**Listed entries:**
___

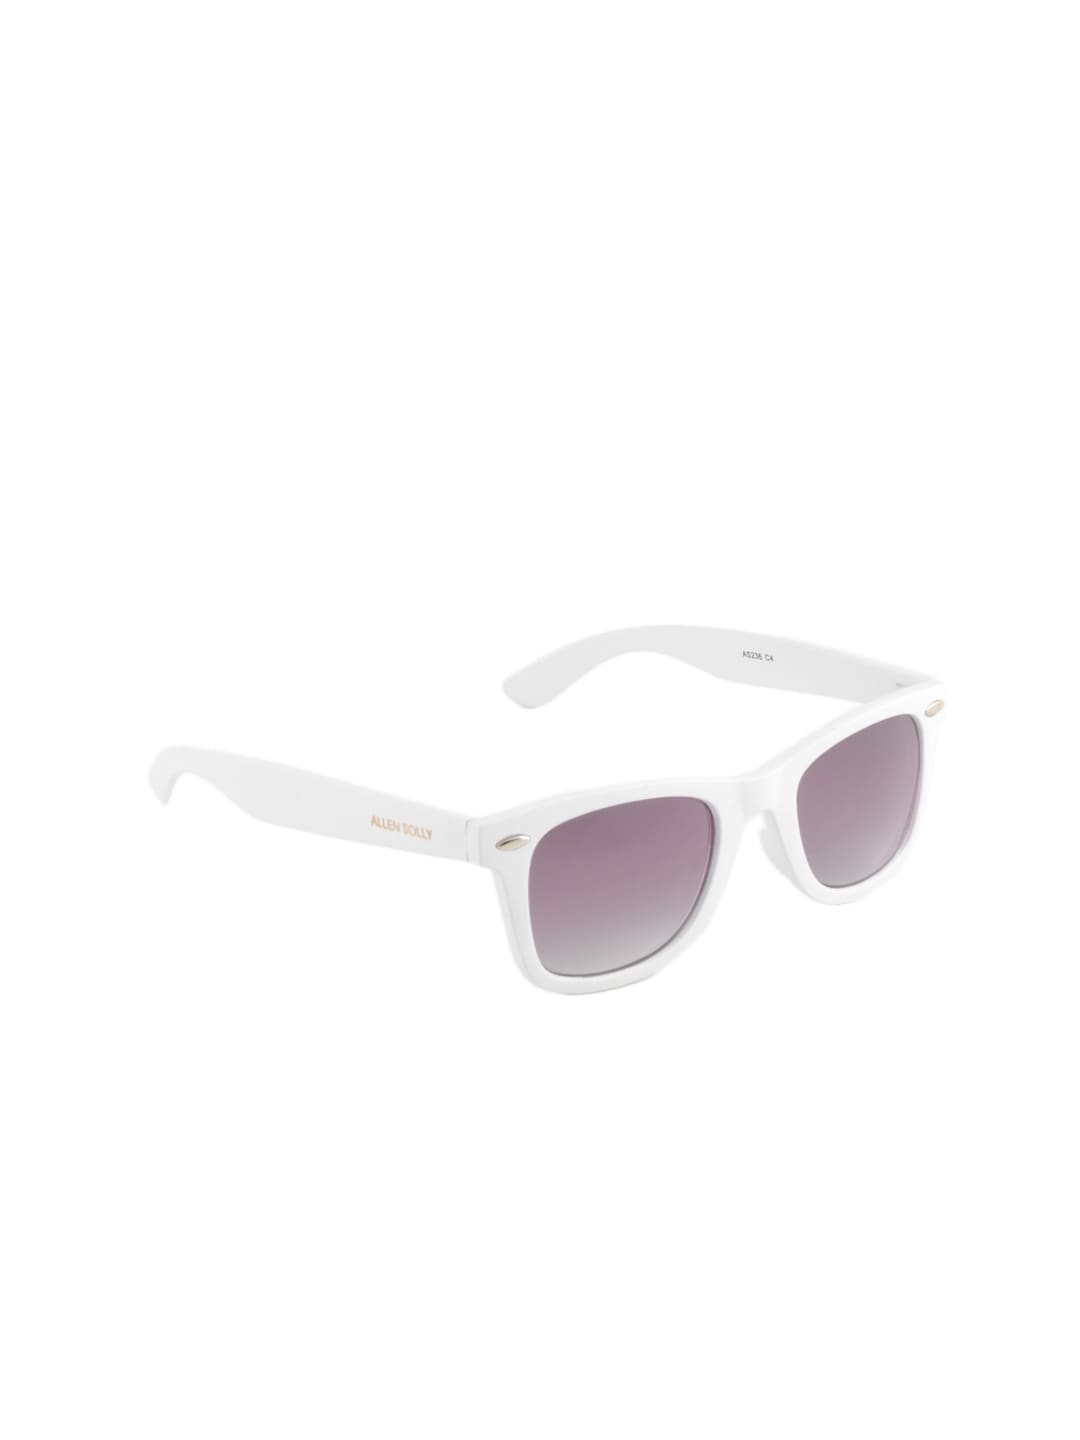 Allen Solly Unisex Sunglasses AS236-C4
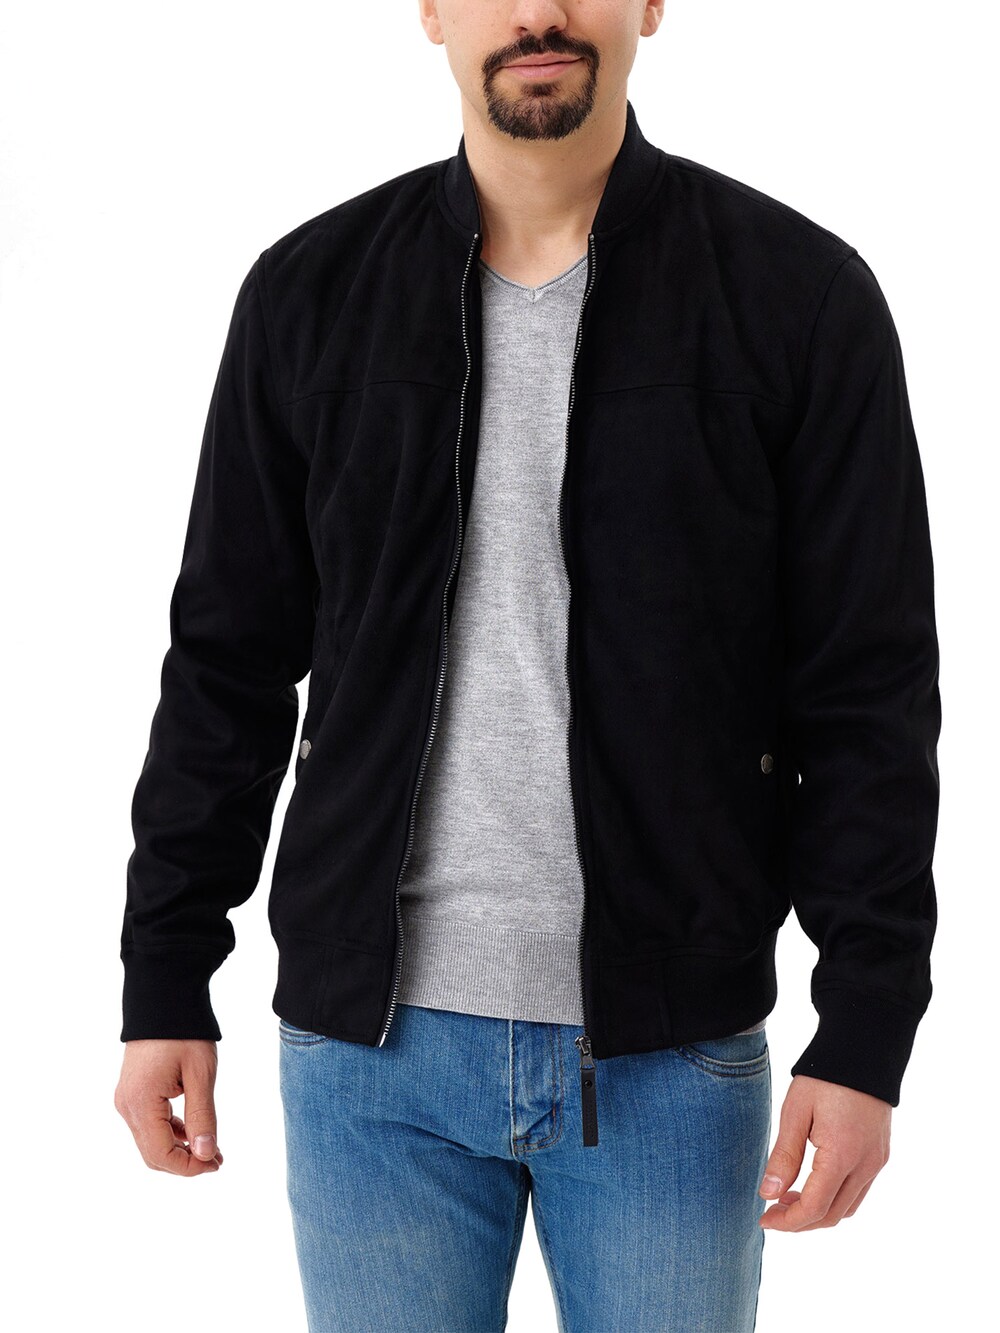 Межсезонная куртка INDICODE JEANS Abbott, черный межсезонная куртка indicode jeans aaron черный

___

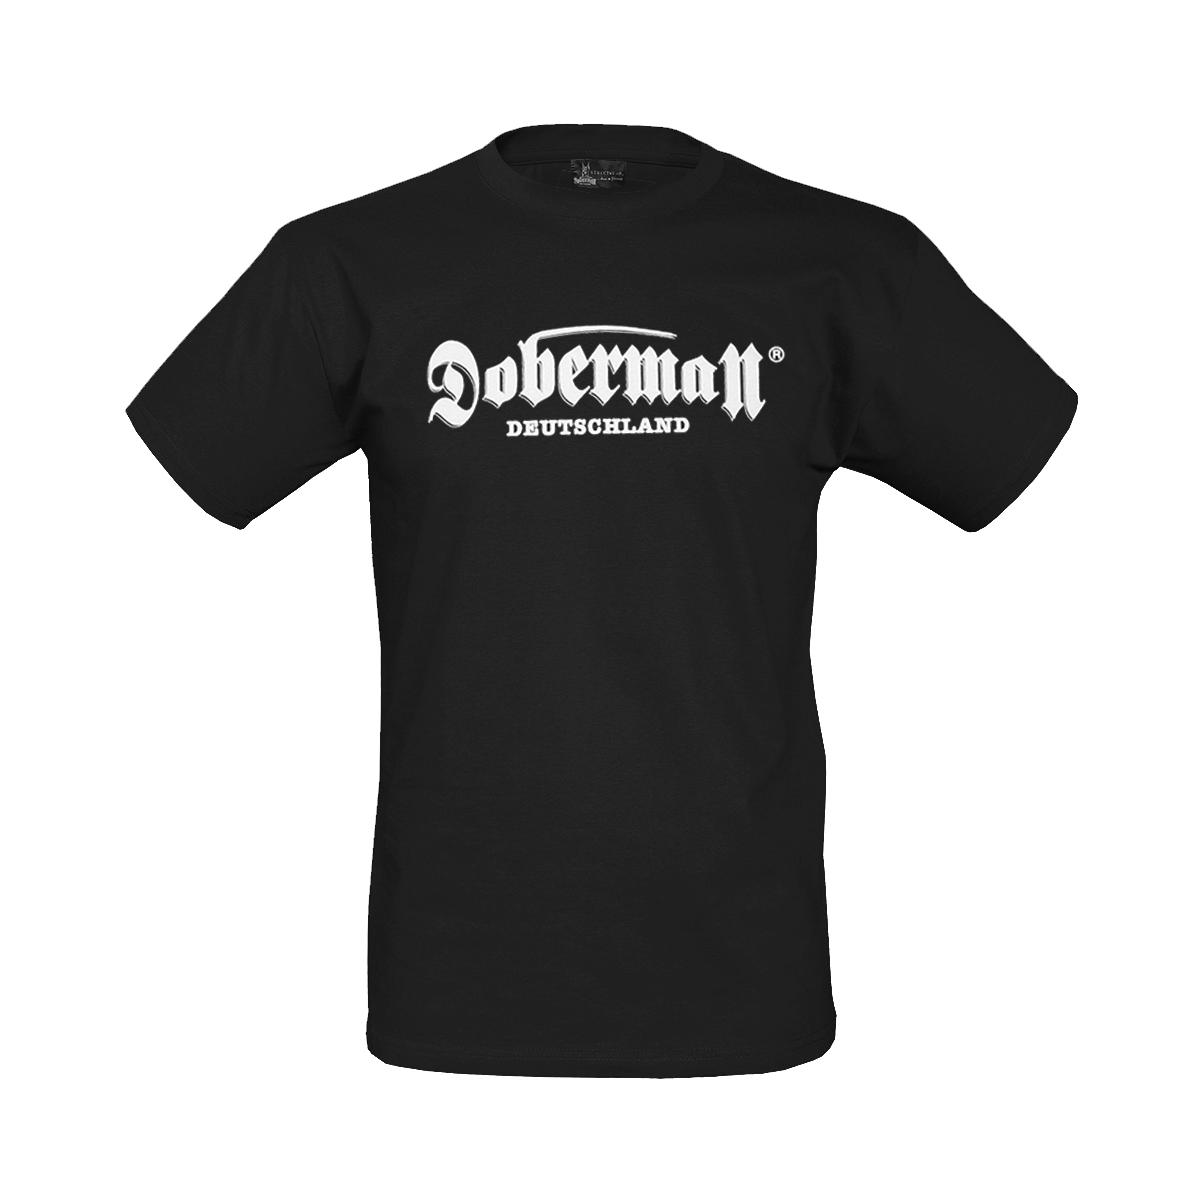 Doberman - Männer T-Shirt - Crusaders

___

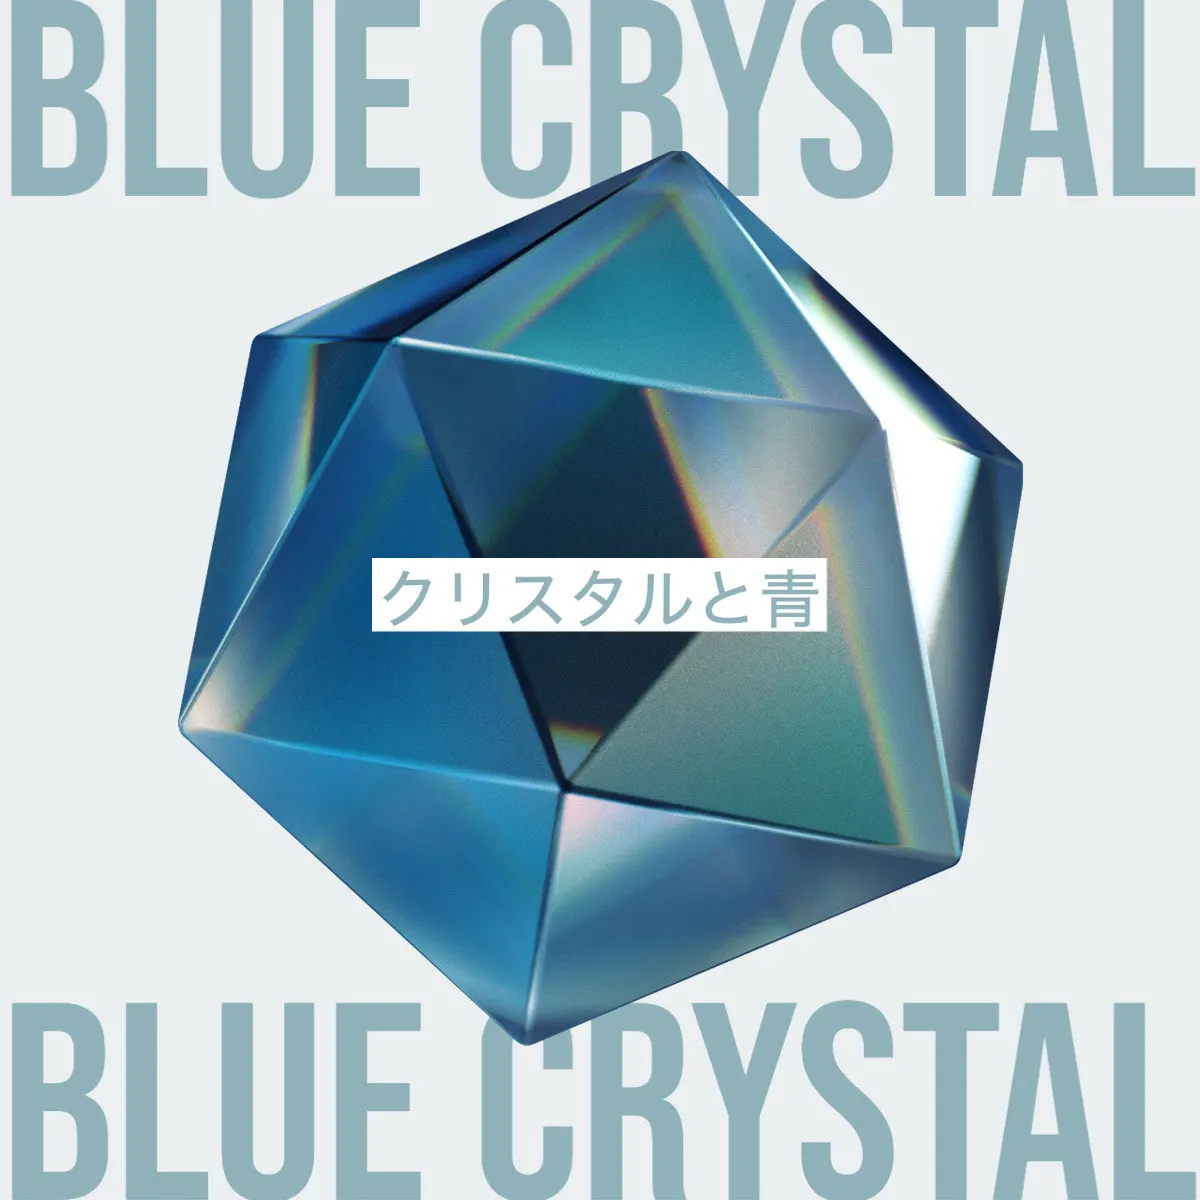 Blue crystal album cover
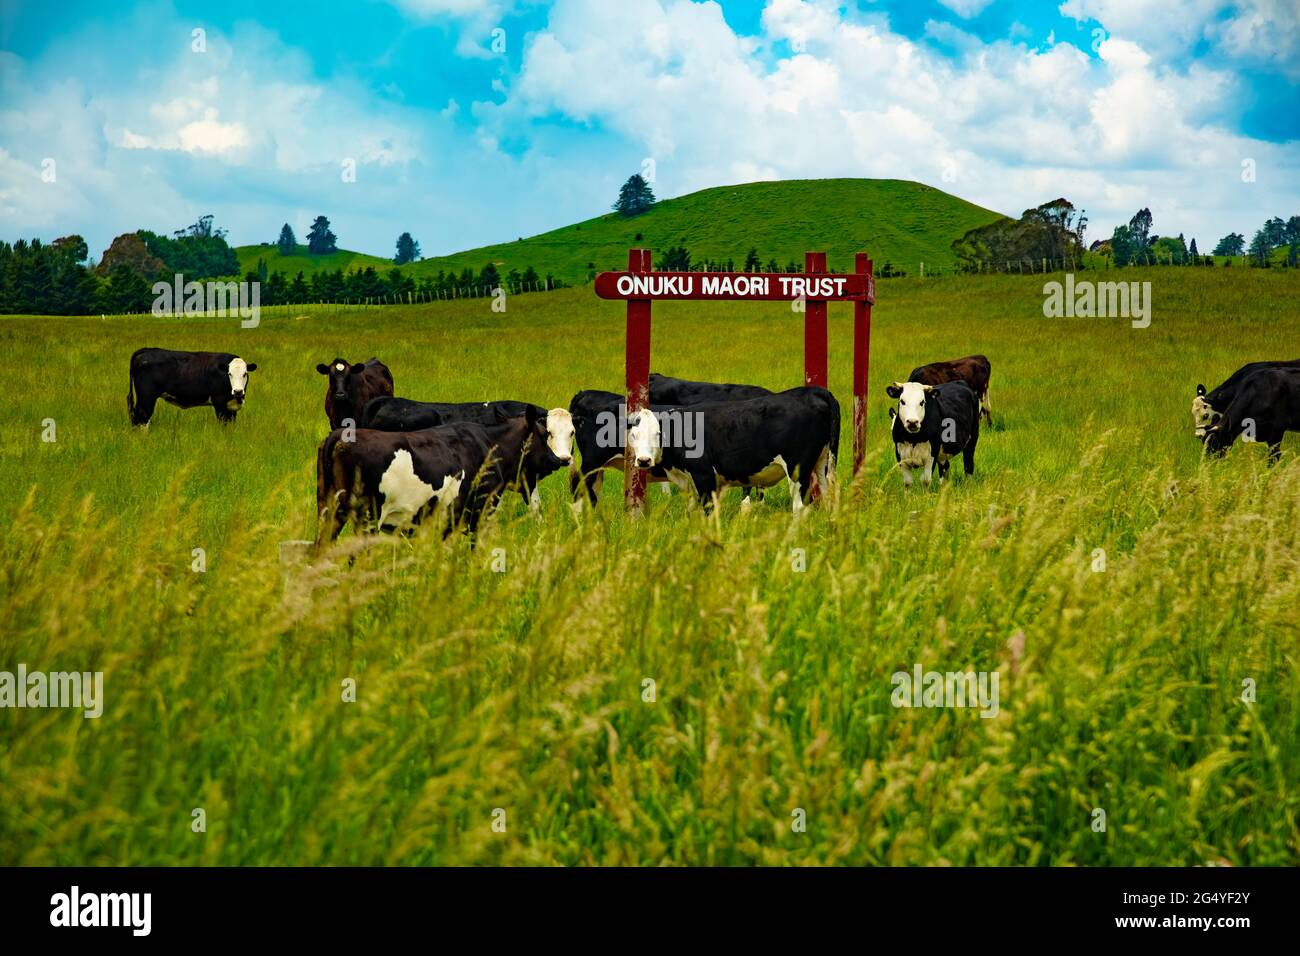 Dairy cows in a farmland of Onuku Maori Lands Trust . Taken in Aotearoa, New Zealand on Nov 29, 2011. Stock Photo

___

**Description of the task:** What are the lines in the records above, word for word, from the one containing "Allen Solly Unisex Sunglasses AS236-C4" through the one containing "Межсезонная куртка INDICODE JEANS Abbott, черный", both ends included and pictures left out?

**Response area:**
 Allen Solly Unisex Sunglasses AS236-C4
 Межсезонная куртка INDICODE JEANS Abbott, черный межсезонная куртка indicode jeans aaron черный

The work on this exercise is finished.